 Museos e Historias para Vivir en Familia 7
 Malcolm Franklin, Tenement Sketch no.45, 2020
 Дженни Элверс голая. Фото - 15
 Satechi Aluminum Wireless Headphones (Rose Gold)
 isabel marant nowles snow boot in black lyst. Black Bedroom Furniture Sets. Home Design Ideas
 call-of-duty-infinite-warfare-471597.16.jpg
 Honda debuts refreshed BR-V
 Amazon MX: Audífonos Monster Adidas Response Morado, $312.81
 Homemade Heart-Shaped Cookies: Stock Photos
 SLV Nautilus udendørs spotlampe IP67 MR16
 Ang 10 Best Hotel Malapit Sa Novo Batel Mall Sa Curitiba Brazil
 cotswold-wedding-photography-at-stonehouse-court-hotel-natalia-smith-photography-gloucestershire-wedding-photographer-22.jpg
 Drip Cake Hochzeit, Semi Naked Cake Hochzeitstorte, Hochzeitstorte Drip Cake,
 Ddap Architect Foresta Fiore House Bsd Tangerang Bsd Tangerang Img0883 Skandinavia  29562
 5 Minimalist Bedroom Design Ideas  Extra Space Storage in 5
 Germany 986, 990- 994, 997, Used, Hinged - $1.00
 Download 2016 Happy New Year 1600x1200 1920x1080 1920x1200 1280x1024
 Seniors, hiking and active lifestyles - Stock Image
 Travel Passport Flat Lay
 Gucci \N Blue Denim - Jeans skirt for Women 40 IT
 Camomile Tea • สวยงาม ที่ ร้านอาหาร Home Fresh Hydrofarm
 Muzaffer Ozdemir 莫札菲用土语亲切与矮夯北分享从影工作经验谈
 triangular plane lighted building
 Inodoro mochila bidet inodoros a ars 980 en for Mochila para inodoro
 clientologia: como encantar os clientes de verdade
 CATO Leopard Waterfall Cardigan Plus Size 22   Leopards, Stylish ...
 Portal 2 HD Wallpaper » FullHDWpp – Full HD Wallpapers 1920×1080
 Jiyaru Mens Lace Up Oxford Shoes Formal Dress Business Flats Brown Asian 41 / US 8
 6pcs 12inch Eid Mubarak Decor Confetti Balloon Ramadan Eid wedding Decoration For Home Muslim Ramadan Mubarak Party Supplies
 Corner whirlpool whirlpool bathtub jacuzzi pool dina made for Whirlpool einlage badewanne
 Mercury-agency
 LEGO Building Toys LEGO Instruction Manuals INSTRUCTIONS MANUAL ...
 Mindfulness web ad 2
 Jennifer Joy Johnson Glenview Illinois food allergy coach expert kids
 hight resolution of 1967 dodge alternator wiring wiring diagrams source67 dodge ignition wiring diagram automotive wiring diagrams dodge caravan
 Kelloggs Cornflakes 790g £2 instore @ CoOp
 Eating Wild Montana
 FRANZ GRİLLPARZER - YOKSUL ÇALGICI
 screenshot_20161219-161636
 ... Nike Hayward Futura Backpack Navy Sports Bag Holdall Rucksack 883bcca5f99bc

# TASK REQUIREMENTS
Exactly as written above, copy out all the records.

# COMPLETED TASK
 Museos e Historias para Vivir en Familia 7
 Malcolm Franklin, Tenement Sketch no.45, 2020
 Дженни Элверс голая. Фото - 15
 Satechi Aluminum Wireless Headphones (Rose Gold)
 isabel marant nowles snow boot in black lyst. Black Bedroom Furniture Sets. Home Design Ideas
 call-of-duty-infinite-warfare-471597.16.jpg
 Honda debuts refreshed BR-V
 Amazon MX: Audífonos Monster Adidas Response Morado, $312.81
 Homemade Heart-Shaped Cookies: Stock Photos
 SLV Nautilus udendørs spotlampe IP67 MR16
 Ang 10 Best Hotel Malapit Sa Novo Batel Mall Sa Curitiba Brazil
 cotswold-wedding-photography-at-stonehouse-court-hotel-natalia-smith-photography-gloucestershire-wedding-photographer-22.jpg
 Drip Cake Hochzeit, Semi Naked Cake Hochzeitstorte, Hochzeitstorte Drip Cake,
 Ddap Architect Foresta Fiore House Bsd Tangerang Bsd Tangerang Img0883 Skandinavia  29562
 5 Minimalist Bedroom Design Ideas  Extra Space Storage in 5
 Germany 986, 990- 994, 997, Used, Hinged - $1.00
 Download 2016 Happy New Year 1600x1200 1920x1080 1920x1200 1280x1024
 Seniors, hiking and active lifestyles - Stock Image
 Travel Passport Flat Lay
 Gucci \N Blue Denim - Jeans skirt for Women 40 IT
 Camomile Tea • สวยงาม ที่ ร้านอาหาร Home Fresh Hydrofarm
 Muzaffer Ozdemir 莫札菲用土语亲切与矮夯北分享从影工作经验谈
 triangular plane lighted building
 Inodoro mochila bidet inodoros a ars 980 en for Mochila para inodoro
 clientologia: como encantar os clientes de verdade
 CATO Leopard Waterfall Cardigan Plus Size 22   Leopards, Stylish ...
 Portal 2 HD Wallpaper » FullHDWpp – Full HD Wallpapers 1920×1080
 Jiyaru Mens Lace Up Oxford Shoes Formal Dress Business Flats Brown Asian 41 / US 8
 6pcs 12inch Eid Mubarak Decor Confetti Balloon Ramadan Eid wedding Decoration For Home Muslim Ramadan Mubarak Party Supplies
 Corner whirlpool whirlpool bathtub jacuzzi pool dina made for Whirlpool einlage badewanne
 Mercury-agency
 LEGO Building Toys LEGO Instruction Manuals INSTRUCTIONS MANUAL ...
 Mindfulness web ad 2
 Jennifer Joy Johnson Glenview Illinois food allergy coach expert kids
 hight resolution of 1967 dodge alternator wiring wiring diagrams source67 dodge ignition wiring diagram automotive wiring diagrams dodge caravan
 Kelloggs Cornflakes 790g £2 instore @ CoOp
 Eating Wild Montana
 FRANZ GRİLLPARZER - YOKSUL ÇALGICI
 screenshot_20161219-161636
 ... Nike Hayward Futura Backpack Navy Sports Bag Holdall Rucksack 883bcca5f99bc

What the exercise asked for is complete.